__Exercise directions__:
Print only the lines below from the one with "Hnědá skořicová luxusní" to the one with "Velec Batterie supplémentaire", both included, exactly as they stand. Leave pictures out.

__Information supplied__:
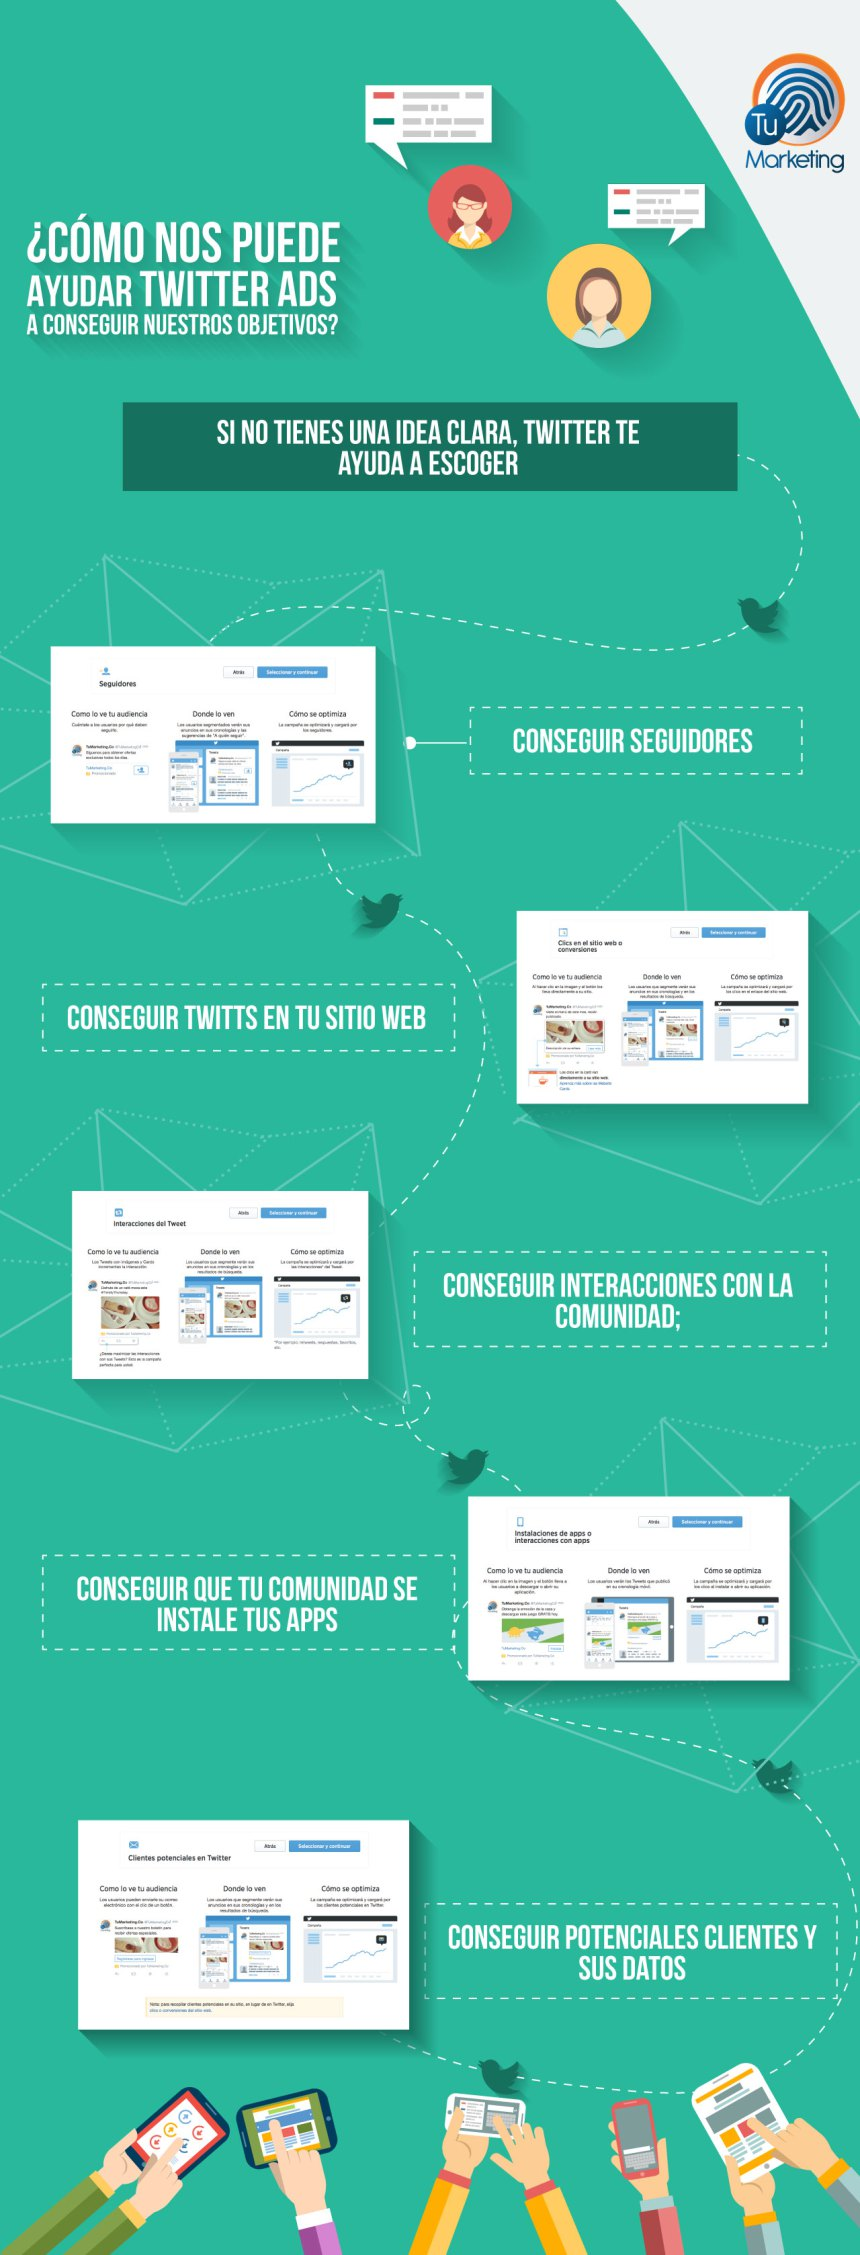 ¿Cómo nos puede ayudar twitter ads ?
---
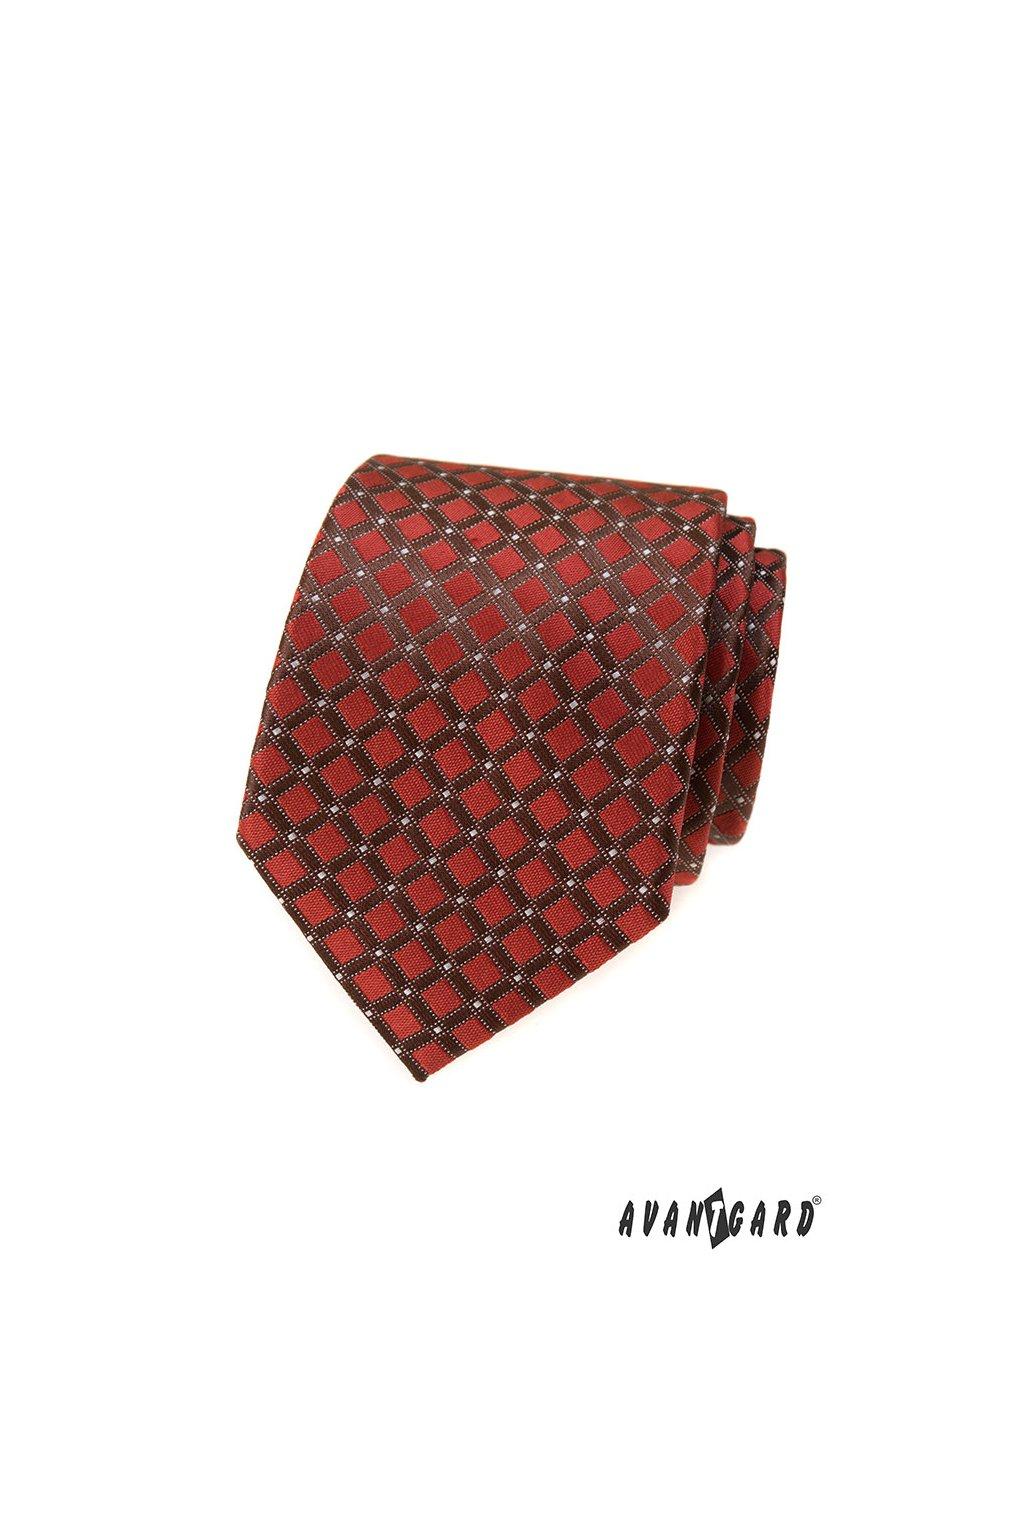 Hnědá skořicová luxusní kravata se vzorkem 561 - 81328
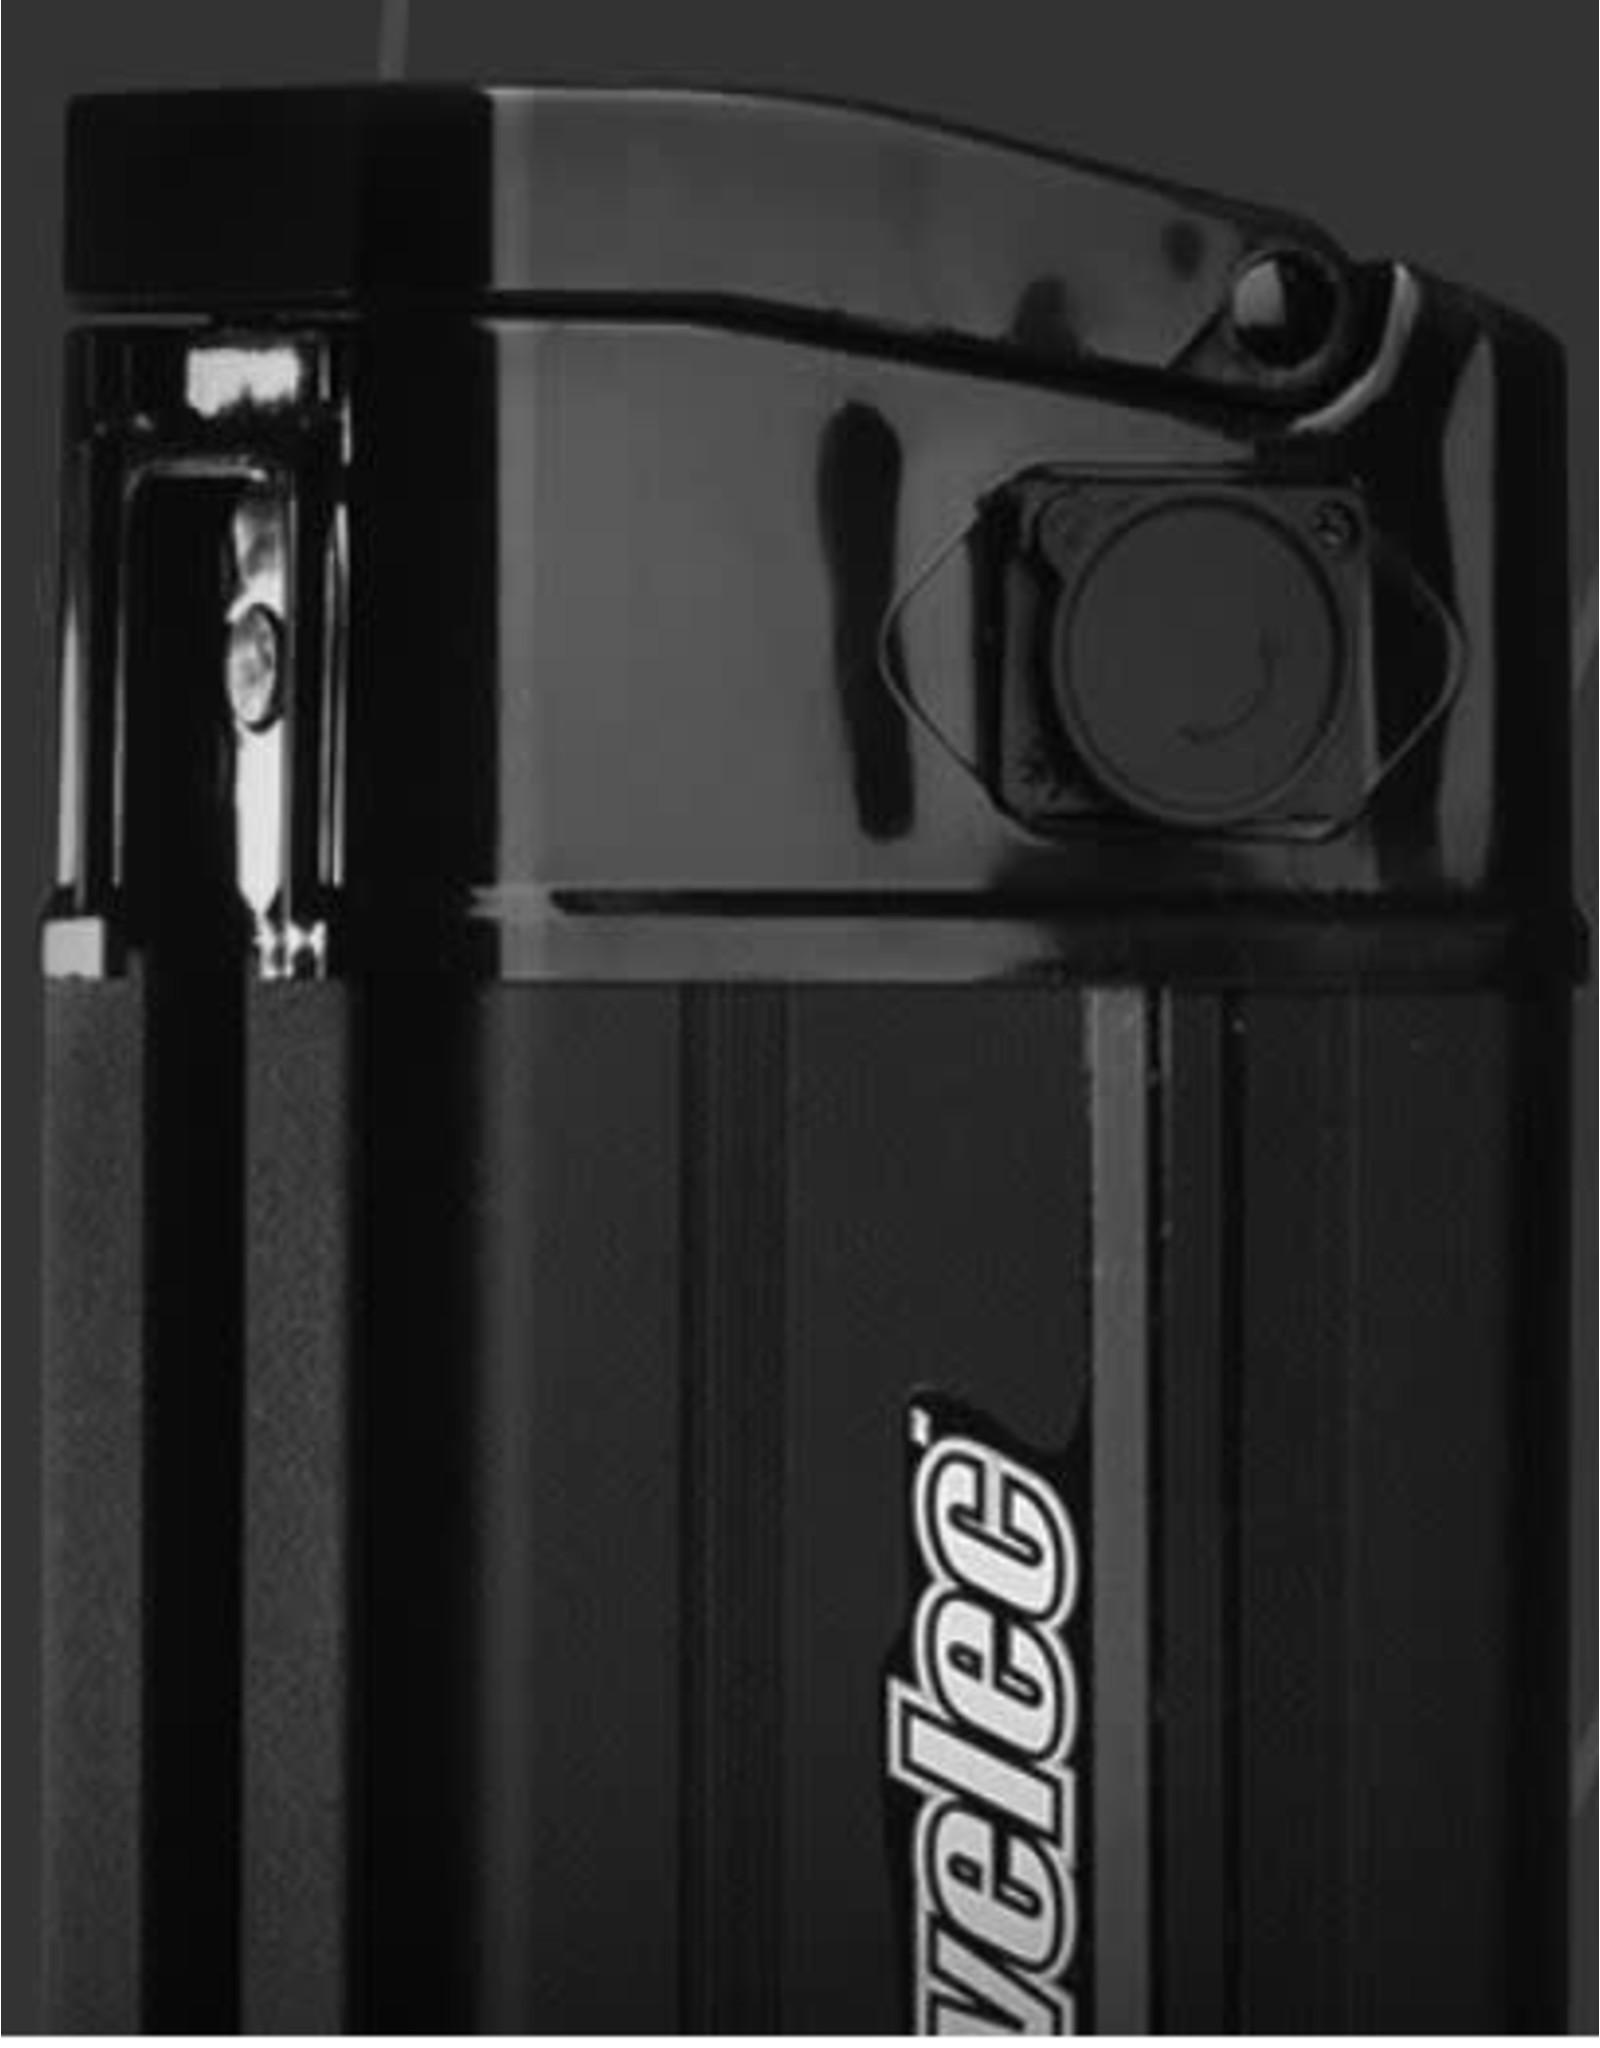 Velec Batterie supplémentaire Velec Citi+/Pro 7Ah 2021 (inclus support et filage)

__Exercise answer__:
 Hnědá skořicová luxusní kravata se vzorkem 561 - 81328
 Velec Batterie supplémentaire Velec Citi+/Pro 7Ah 2021 (inclus support et filage)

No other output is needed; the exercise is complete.